- Born: May 23, 1966 (age 59) London, England
- Genres: Classical
- Occupation: conductor
- Instrument: Viola

= Neil Thomson (conductor) =

Neil William Thomson (born 23 May 1966) is a British conductor and conducting professor.

Neil Thomson was born in London in 1966, and educated at Dulwich College. He then studied violin and viola at the Royal Academy of Music (1984–87) and conducting with Norman Del Mar at the Royal College of Music (1987–89). He was a member of the conducting class at Tanglewood Summer School in 1989 where his teachers included Gustav Meier, Seiji Ozawa, Kurt Sanderling and Leonard Bernstein.

Since March 2014 he has served as Principal Conductor and Artistic Director of the Philharmonic Orchestra of Goiás, Brazil.
In the UK he has conducted the London Symphony Orchestra, the London Philharmonic Orchestra, the Philharmonia, the Royal Philharmonic Orchestra, the Royal Liverpool Philharmonic, the Royal Scottish National Orchestra, the Hallé, the BBC Symphony Orchestra, the Ulster Orchestra and the Orchestra of Welsh National Opera.

Recent debuts include concerts with the São Paulo Symphony Orchestra, Brazilian Symphony Orchestra, Minas Gerais Philharmonic Orchestra, Yomiuri Nippon Symphony Orchestra, Tokyo Philharmonic, the Century Orchestra Osaka, the Kansai Philharmonic, the Lahti Sinfonia, the Romanian National Orchestra, the Britten Sinfonia, the Ulster Orchestra, the RTÉ Concert Orchestra, the Orchestra of Gothenburg Opera, Aarhus Symphony Orchestrathe Cork Concert Orchestra, and the Orchestra of Opera North.

He has performed with Sir James Galway, Dame Moura Lympany, Sir Thomas Allen, Dame Felicity Lott, Philip Langridge, Sarah Chang, Antônio Meneses, Steven Isserlis, Julian Lloyd Webber, David Geringas, Natalie Clein, Ittai Shapira, György Pauk, Brett Dean, Jean-Philippe Collard, Stephen Hough, Peter Jablonski, Jean-Louis Steuerman, Dame Evelyn Glennie and Sir Richard Rodney Bennett.

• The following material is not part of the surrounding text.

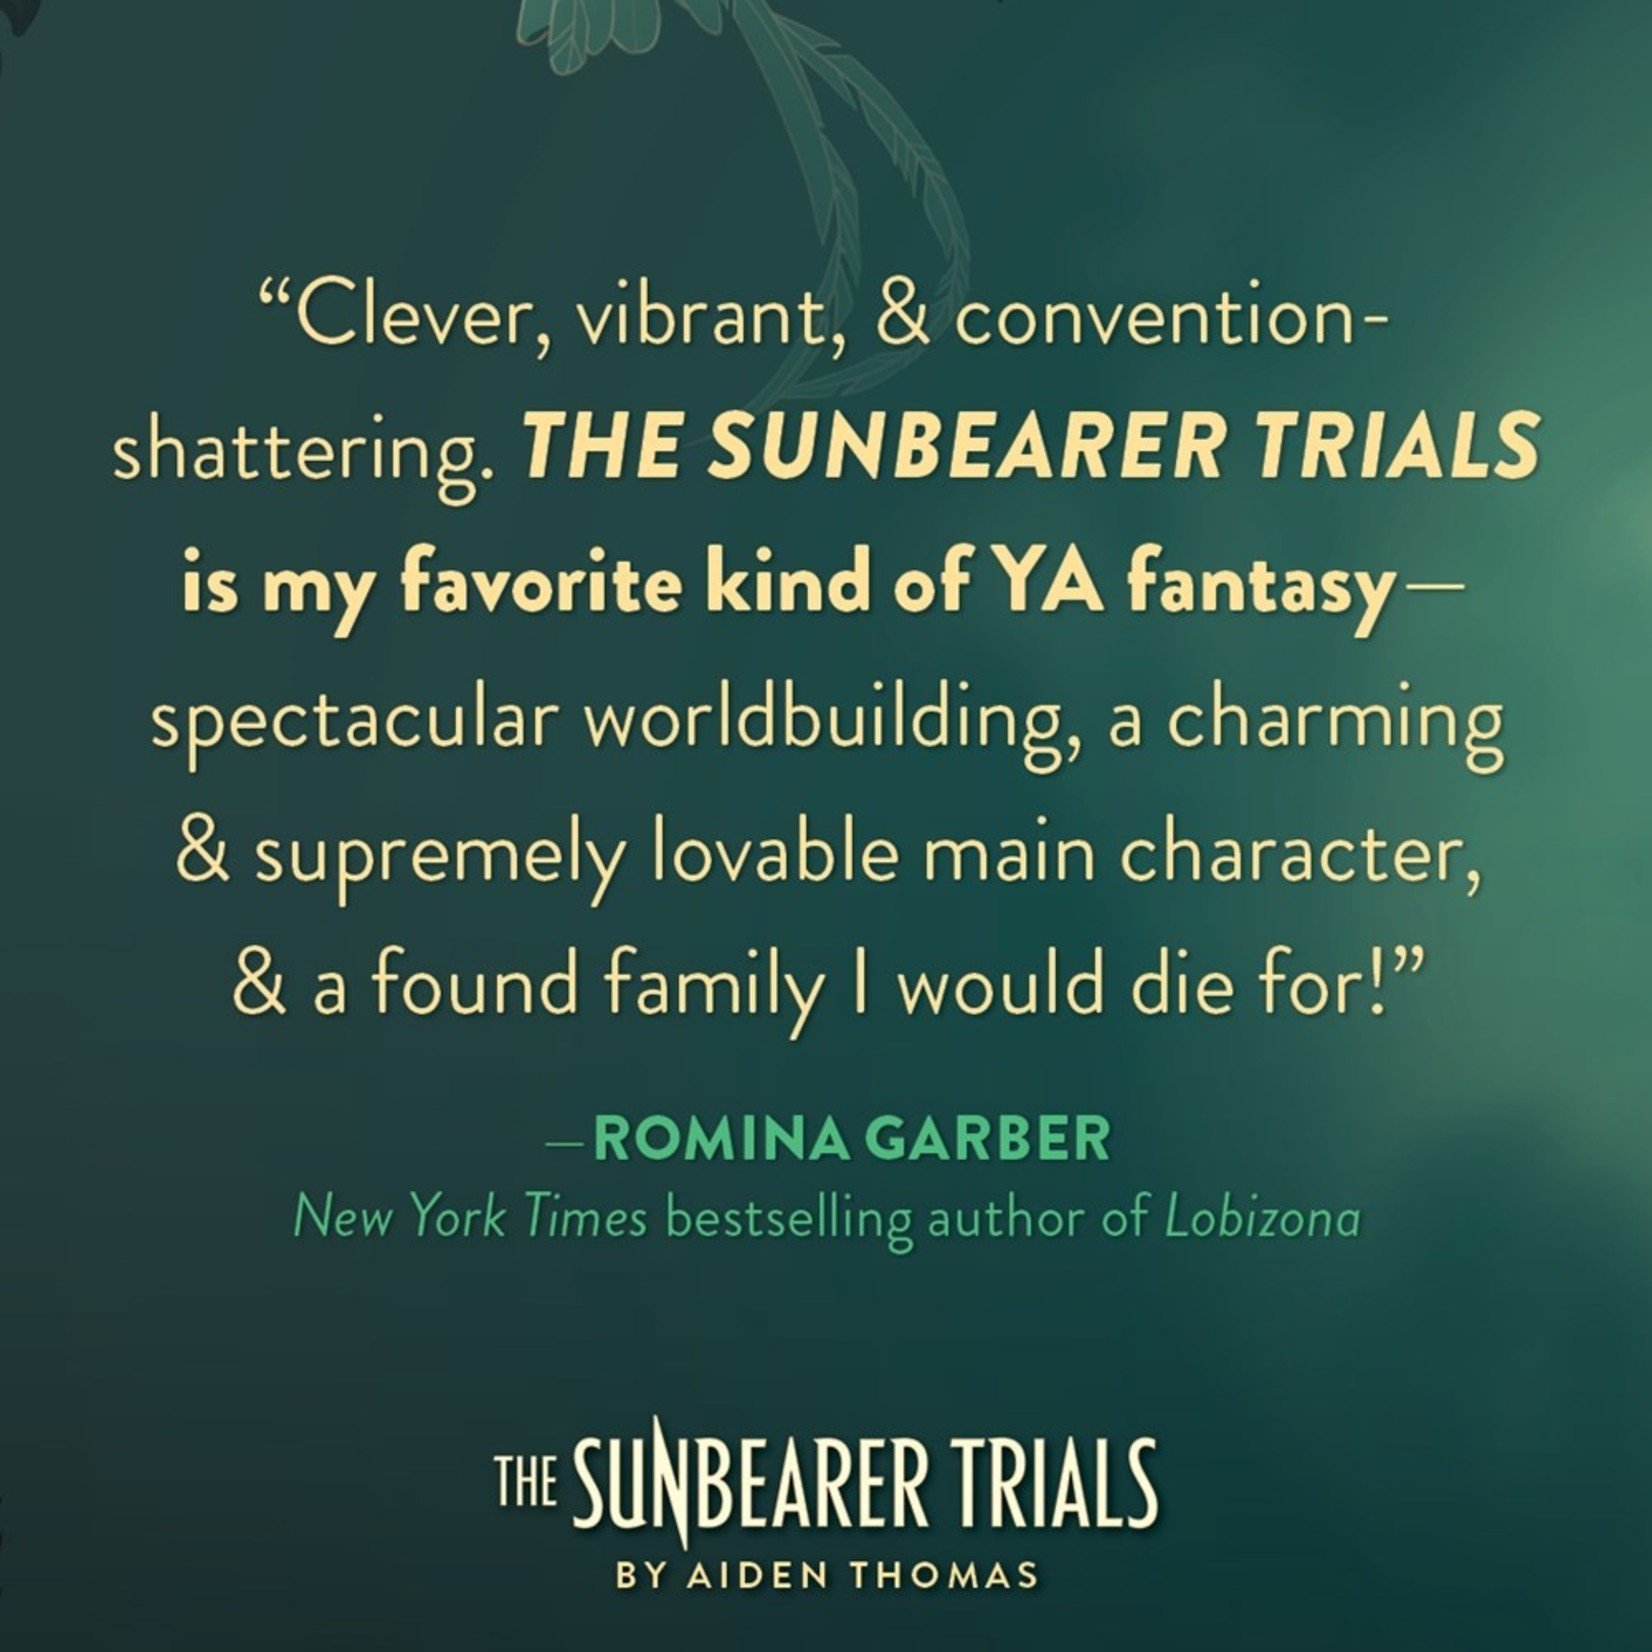 The Sunbearer Trials (Sunbearer Duology #1)

Recent collaborations include a Schumann Cello Concerto with Steven Isserlis, an opera gala with Danielle de Niese, a tour in Brazil with Antônio Meneses, Liszt Second Piano Concerto and Brahms Second Piano Concerto with Stephen Hough, the premiere of Joseph Phibbs's new Percussion Concerto with Dame Evelyn Glennie and a rare performance of the complete Incidental Music written by Frederick Delius for Flecker's drama Hassan at the Cheltenham Festival. He recently stepped in at three days' notice to replace Louis Langrée with the São Paulo Symphony Orchestra conducting works by Messiaen, Scriabin, Richard Strauss, Mozart and Tchaikovsky. This led to immediate re-invitations for 2017 and 2018 where he will be conducting two weeks in the subscription series in both years.

Alongside his symphonic work he has developed a speciality for conducting films with live orchestra. He gave the premiere of the newly reconstructed score for Singin' in the Rain at the Royal Albert Hall in London in 2013. Other films include Psycho, Vertigo, Casablanca, The Wizard of Oz, Fantasia, Amadeus and Titanic.

Recordings include a disc of American contemporary violin concerti with Ittai Shapira and the Royal Liverpool Philharmonic Orchestra and two discs of orchestral music by César Guerra-Peixe with the Goias Philharmonic Orchestra. He is currently engaged on a project to record all 14 symphonies of Cláudio Santoro for Naxos with the OFG.

He has been a guest professor at the Mozarteum in Salzburg, the Krakow Academy of Music, the Conservatoire "Arrigo Boito" in Parma, the Lithuanian Academy of Music, the Campos do Jordao Festival and the Los Angeles Conducting Workshop.